“Joe,” said she, “do they shoe at Peter’s shop?”
“Yes, Peter shoes lots of horses; but they go round to the houses to shoe oxen, carry the shoes and nails, and cast the cattle in the barn floor” (slings were not in use then) “to nail them on.”
“Do they ever shoe rams?”
Joe’s features instantly assumed a terrified expression. He colored to the very tips of his ears, but uttered no word.
“If,” said Sally, “it had been Ben Rhines, Seth Warren, Charlie, or anybody that could have taken their own part; but to set to work on that poor old man, one of the kindest men that ever lived, who took in that miserable Pete Clash, and clothed him, when he had no place to put his head, and whom everybody loves, to run the risk of killing or crippling him for life, I say it’s real mean!”

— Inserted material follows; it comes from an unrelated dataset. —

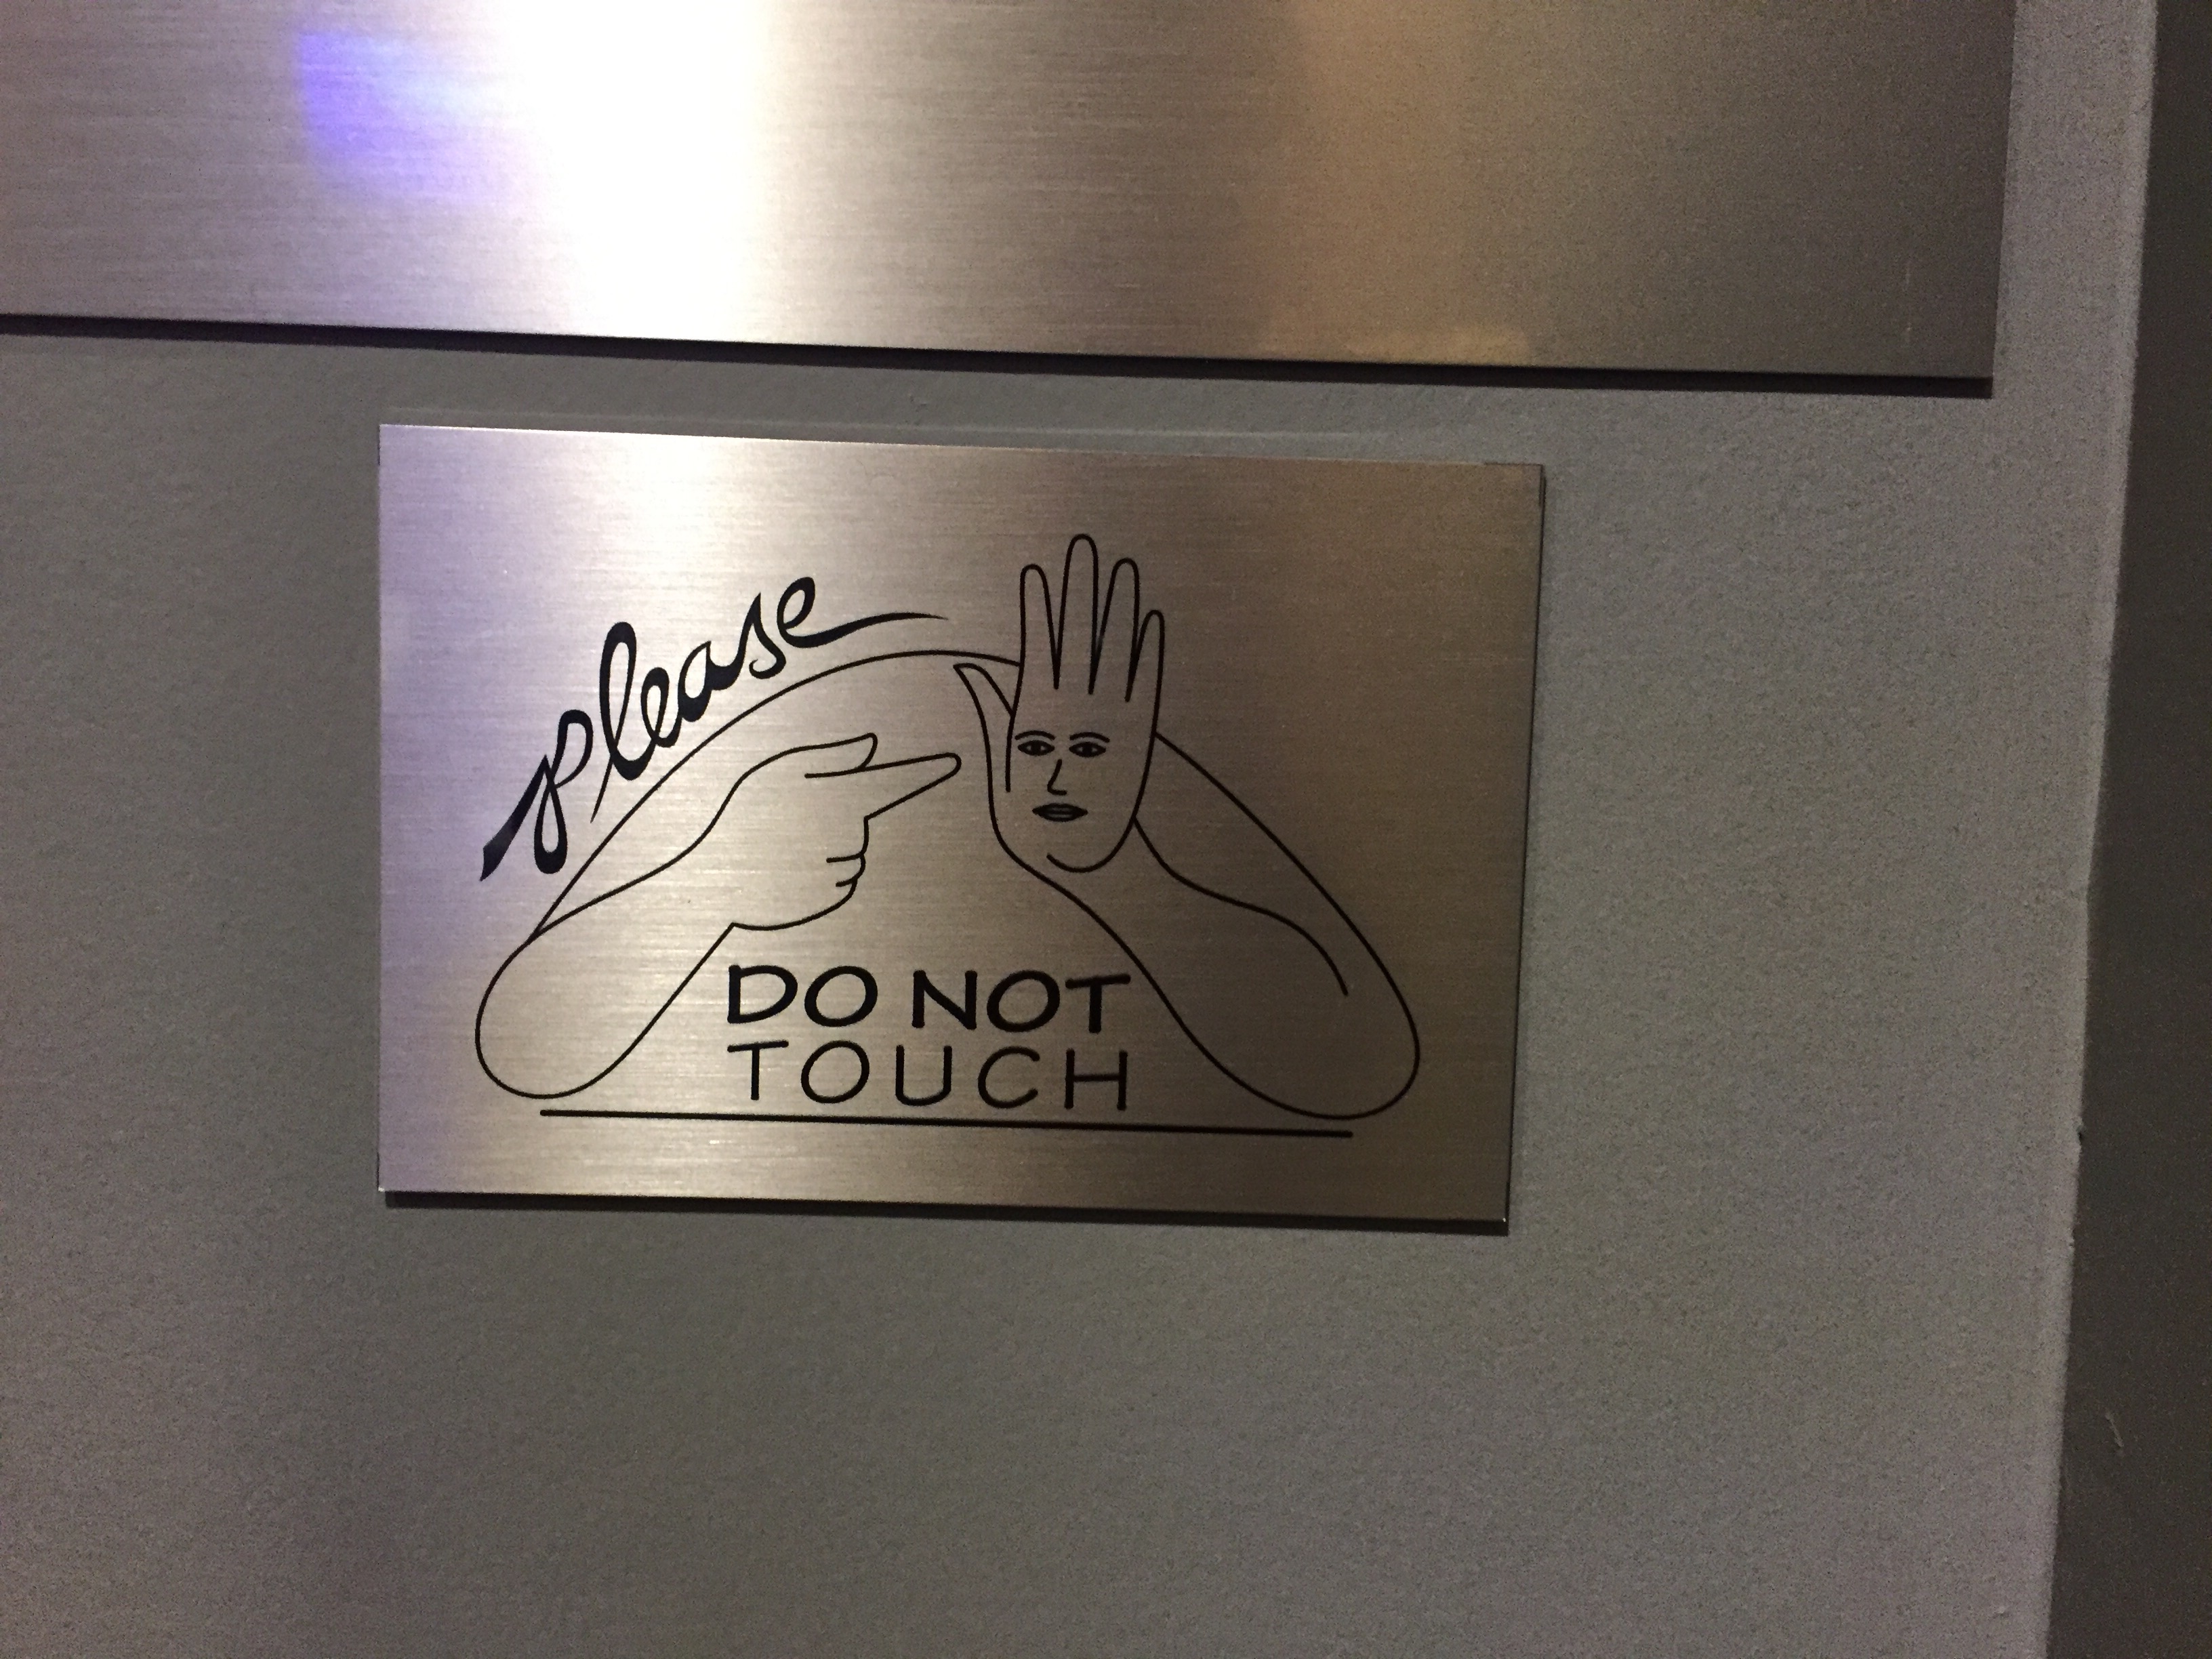 A weird do not touch sign

Joe made no reply, and Sally saw something very much like a tear in his eye. She pitied him from the bottom of her heart, but felt that for the reformation of such an incorrigible sinner it was her duty to go on.
“Did you ever see that before?” she inquired, holding before the terrified culprit the identical shoe, with the nails still sticking in it.
Joe uttered a groan.
“If it should get out, the neighbors would never speak to you again, and you’d have to leave town. I know you feel bad,” she continued, bursting into tears; “but what did put it into your head?”